The Fermi paradox provides some evidence against long-lived civilization of any kind, hostile or non-hostile. Entangling the Fermi paradox with questions about the character of future civilization (such as AI risk) doesn’t seem very helpful.
To put this point slightly differently, the Fermi paradox isn’t strong evidence for any of the following over the others: (a) Humanity will create Friendly AI; (b) humanity create Unfriendly AI; (c) humanity will not be able to produce any sort of FOOMing AI, but will develop into a future civilization capable of colonizing the stars. This is because all of these, if the analog had in the past happened on an alien planet sufficiently close to us (e.g. in our galaxy), we would see the difference: to the degree that the Fermi paradox provides evidence about (a), (b) and (c), it provides about the same amount of evidence against each. (It does provide evidence against each, since one possible explanation for the Fermi paradox is a Great Filter that’s still ahead of us.)

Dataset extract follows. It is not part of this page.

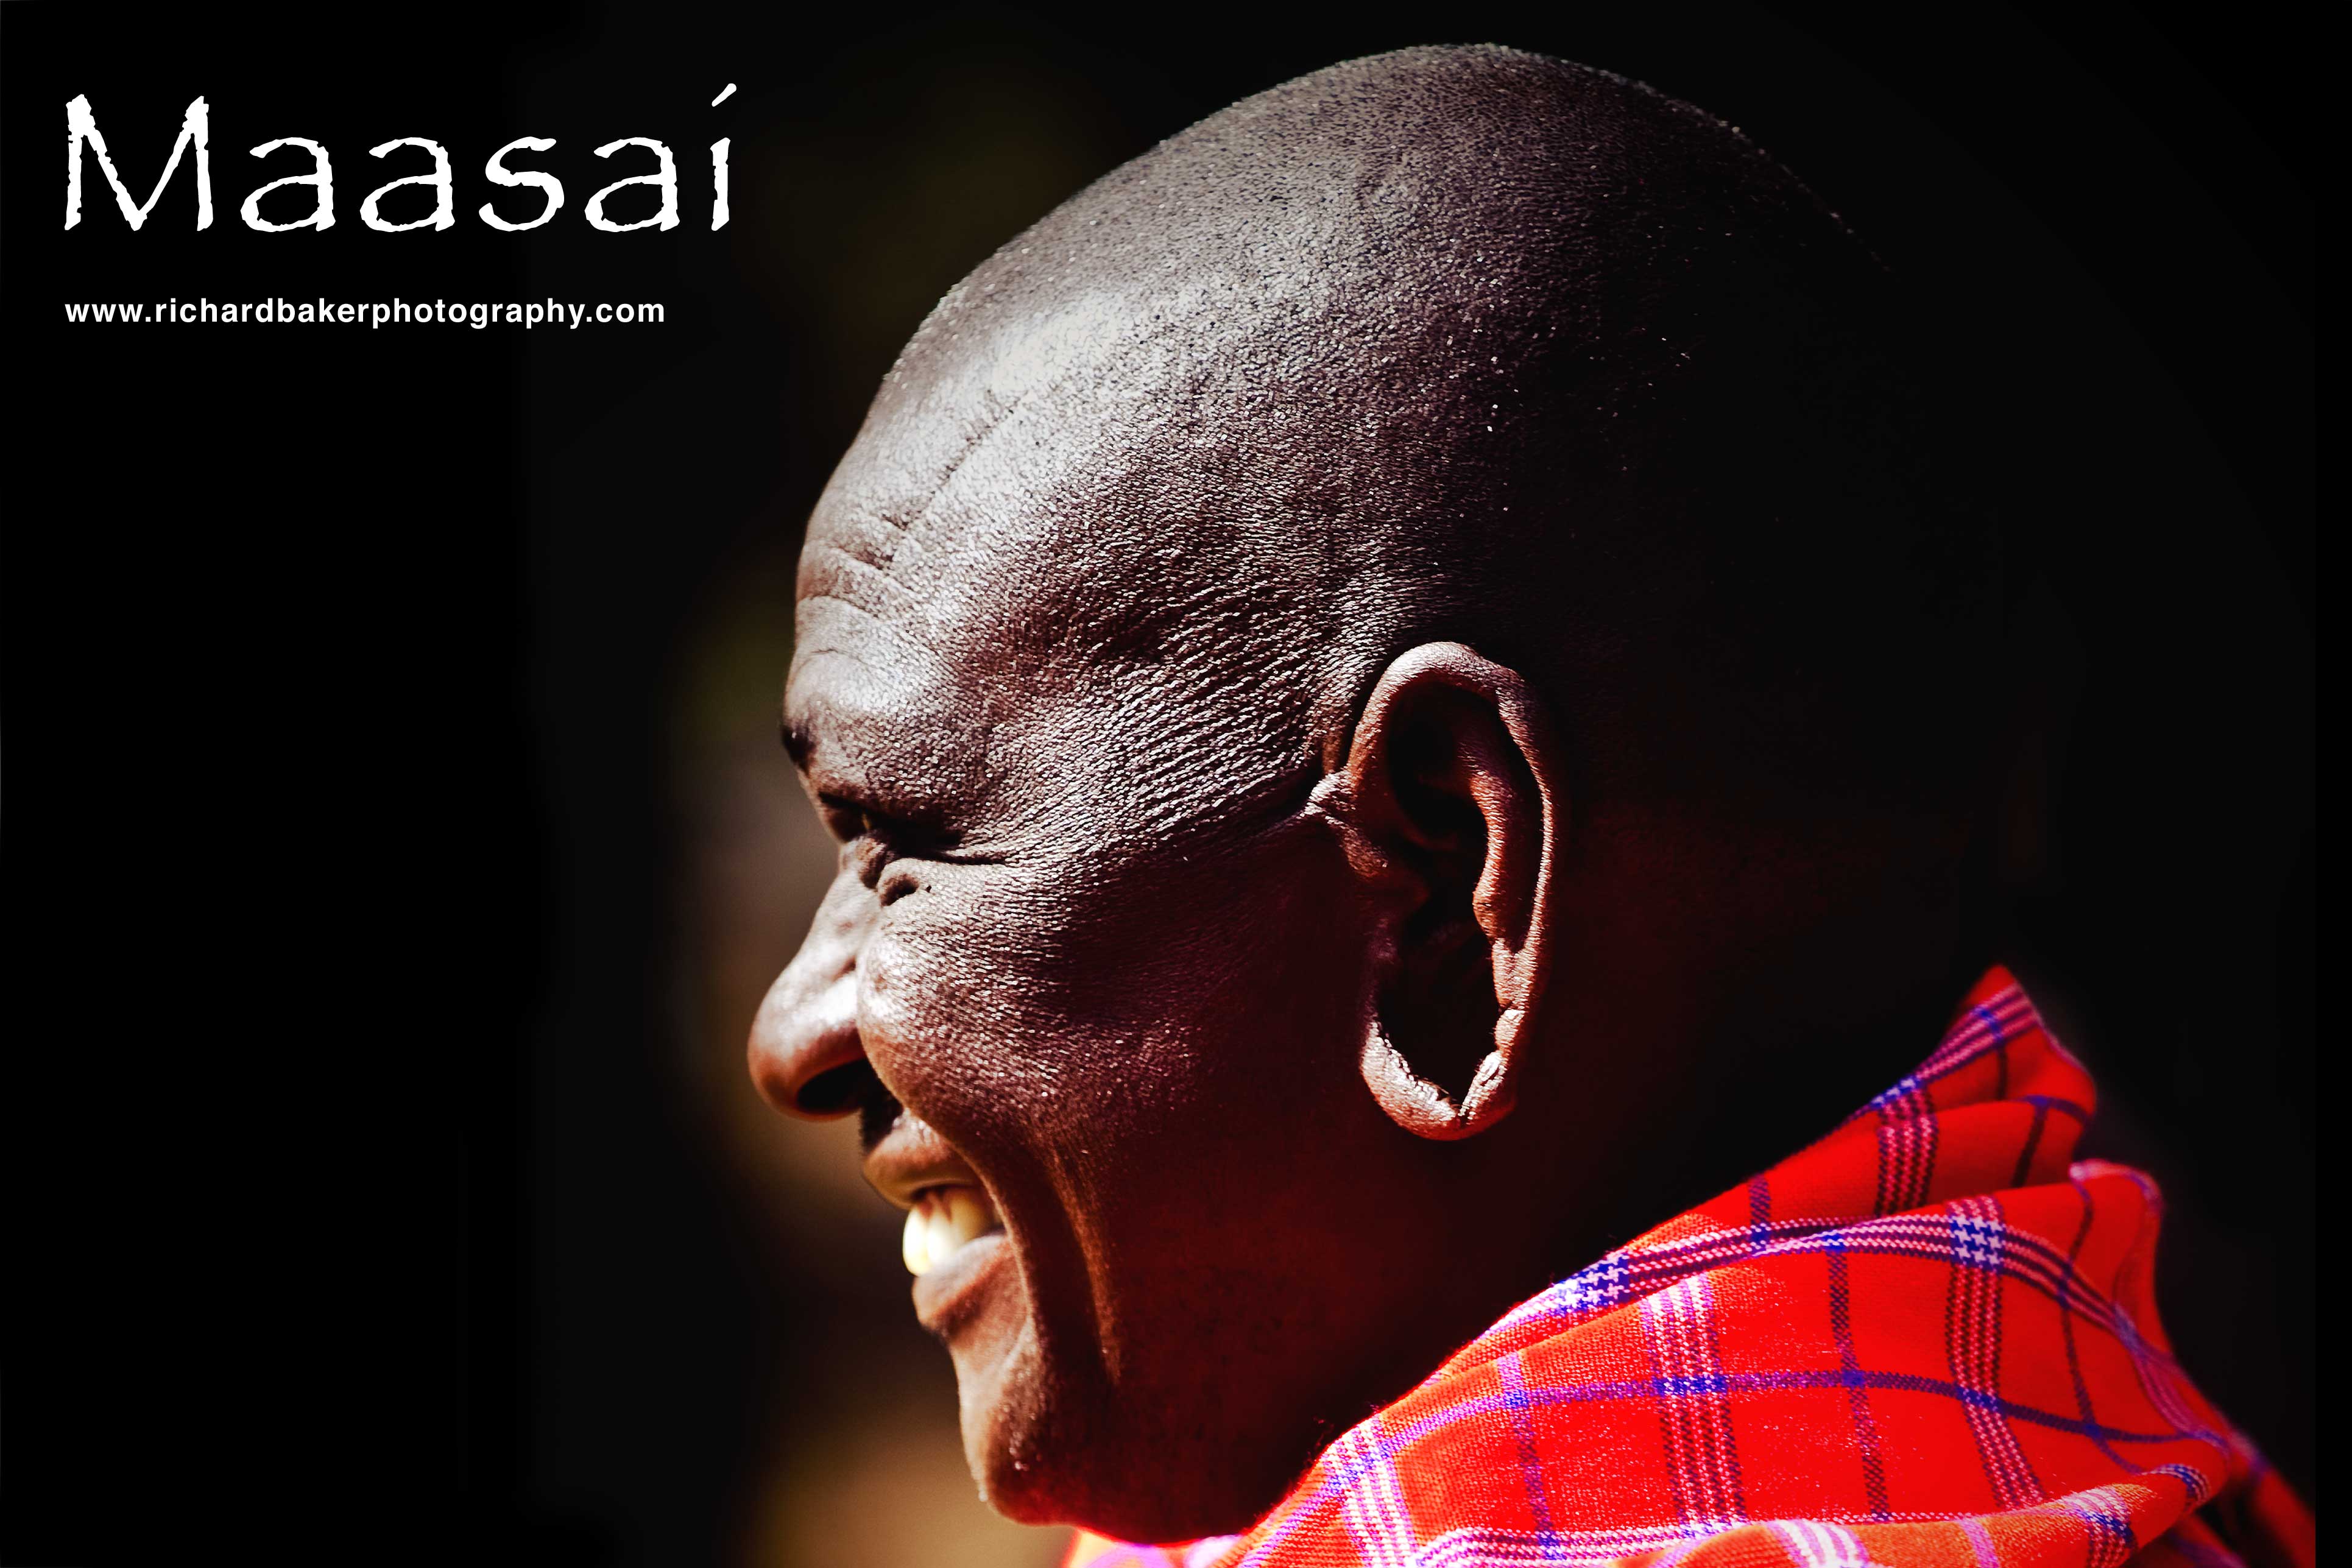 Massai Warrior shoot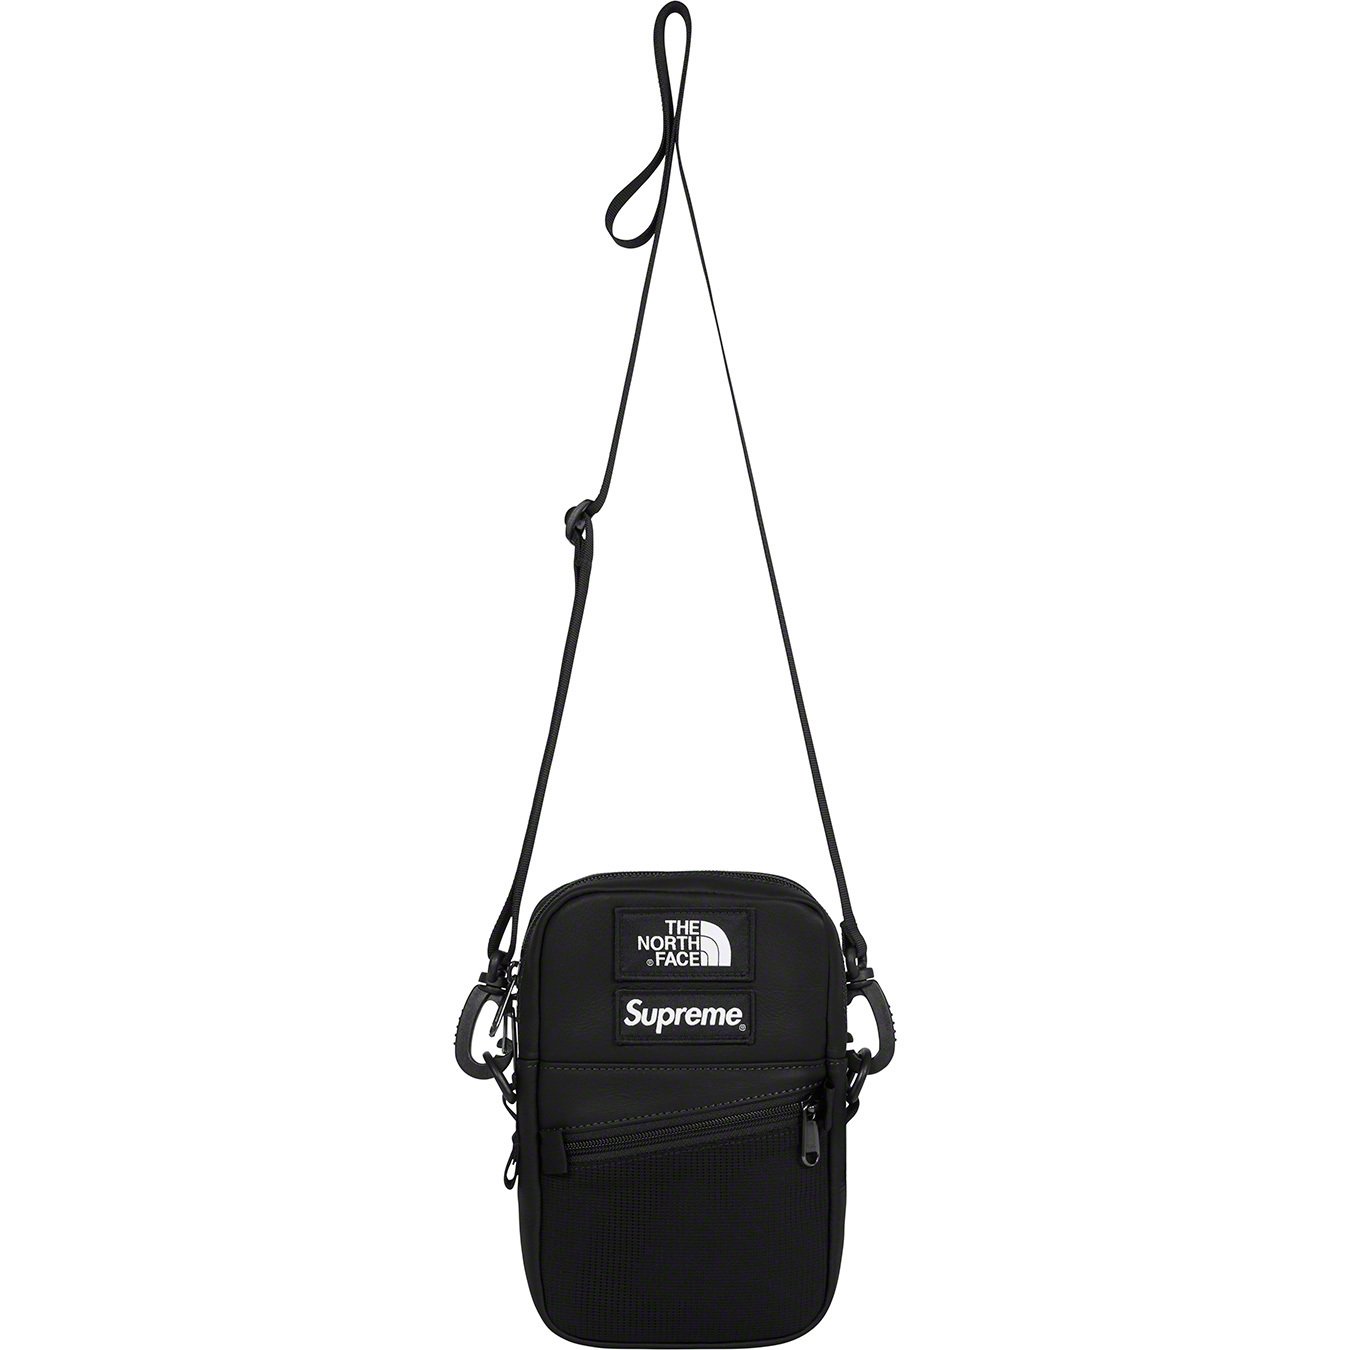 Details Supreme Supreme®/The North Face® Leather Shoulder Bag - Supreme

Even if that were true (which I don’t see: like FAIs, uFAIs will have goals they are trying to maximize, and their options will be limited to those not in conflict with those goals): Why on Earth would this difference take the form of “given millions of years, you can’t colonize the galaxy”? And moreover, why would it reliably have taken this form for every single civilization that has arisen in the past? We’d certainly expect an FAI built by humanity to go to the stars!